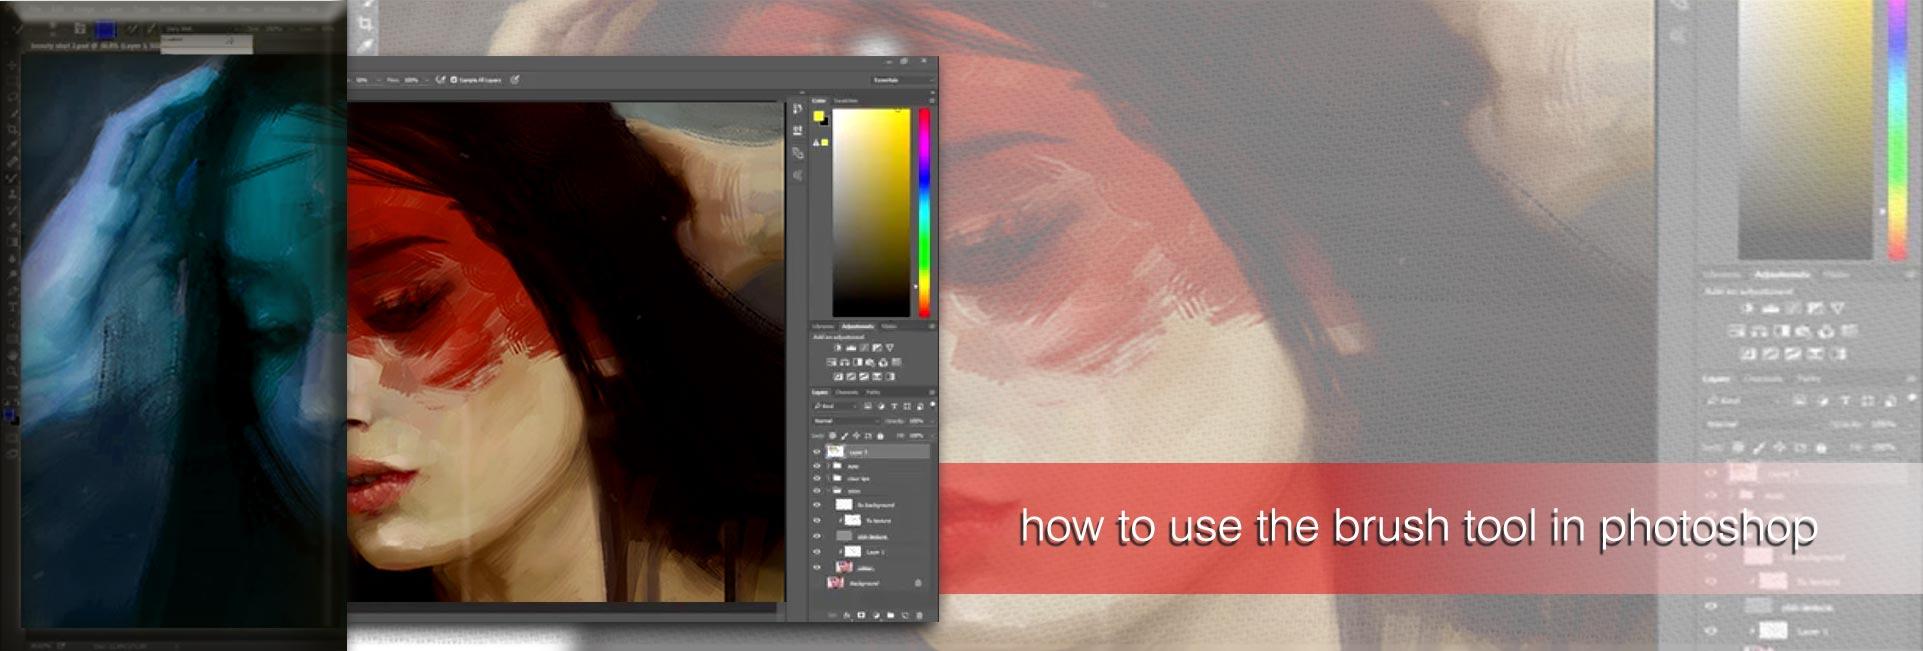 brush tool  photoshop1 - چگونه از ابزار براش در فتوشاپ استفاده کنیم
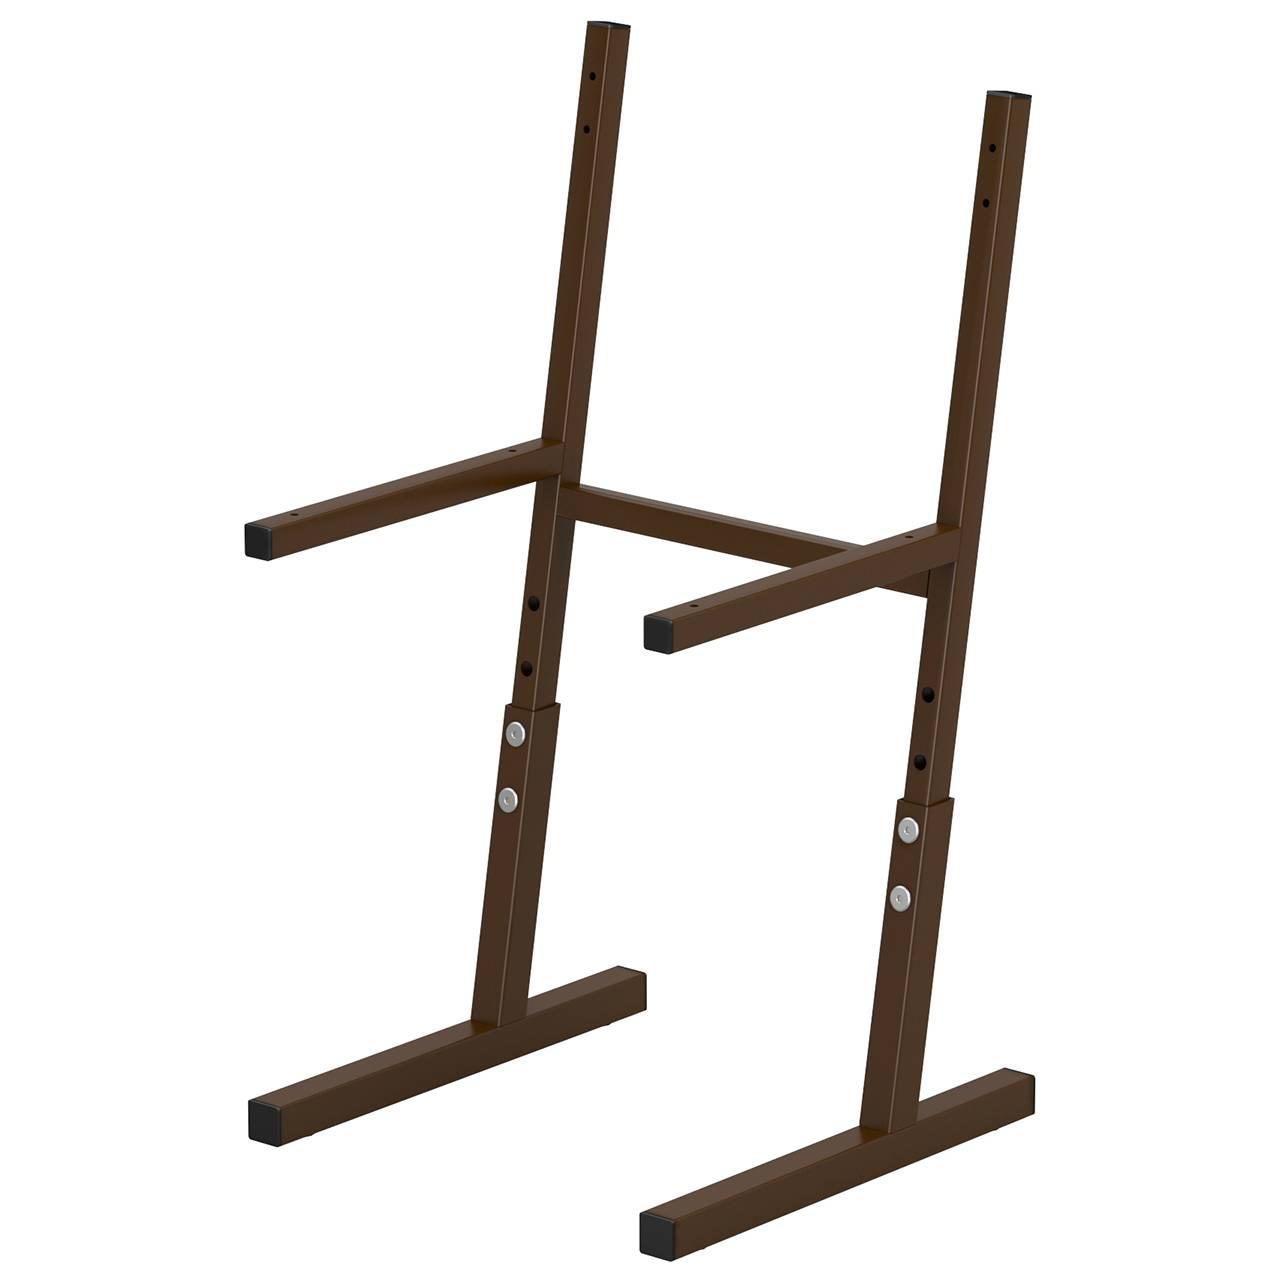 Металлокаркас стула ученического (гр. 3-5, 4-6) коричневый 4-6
==
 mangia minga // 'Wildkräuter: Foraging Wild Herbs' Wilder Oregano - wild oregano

▸ WHAT IS EXPECTED
Exactly reproduce the lines above, starting at the one that contains "فتوشاپ استفاده کنیم" and ending at the one that contains "Металлокаркас стула ученического", both inclusive; leave the pictures out and add no other lines.

▸ EXPECTED ANSWER
 brush tool  photoshop1 - چگونه از ابزار براش در فتوشاپ استفاده کنیم
 Металлокаркас стула ученического (гр. 3-5, 4-6) коричневый 4-6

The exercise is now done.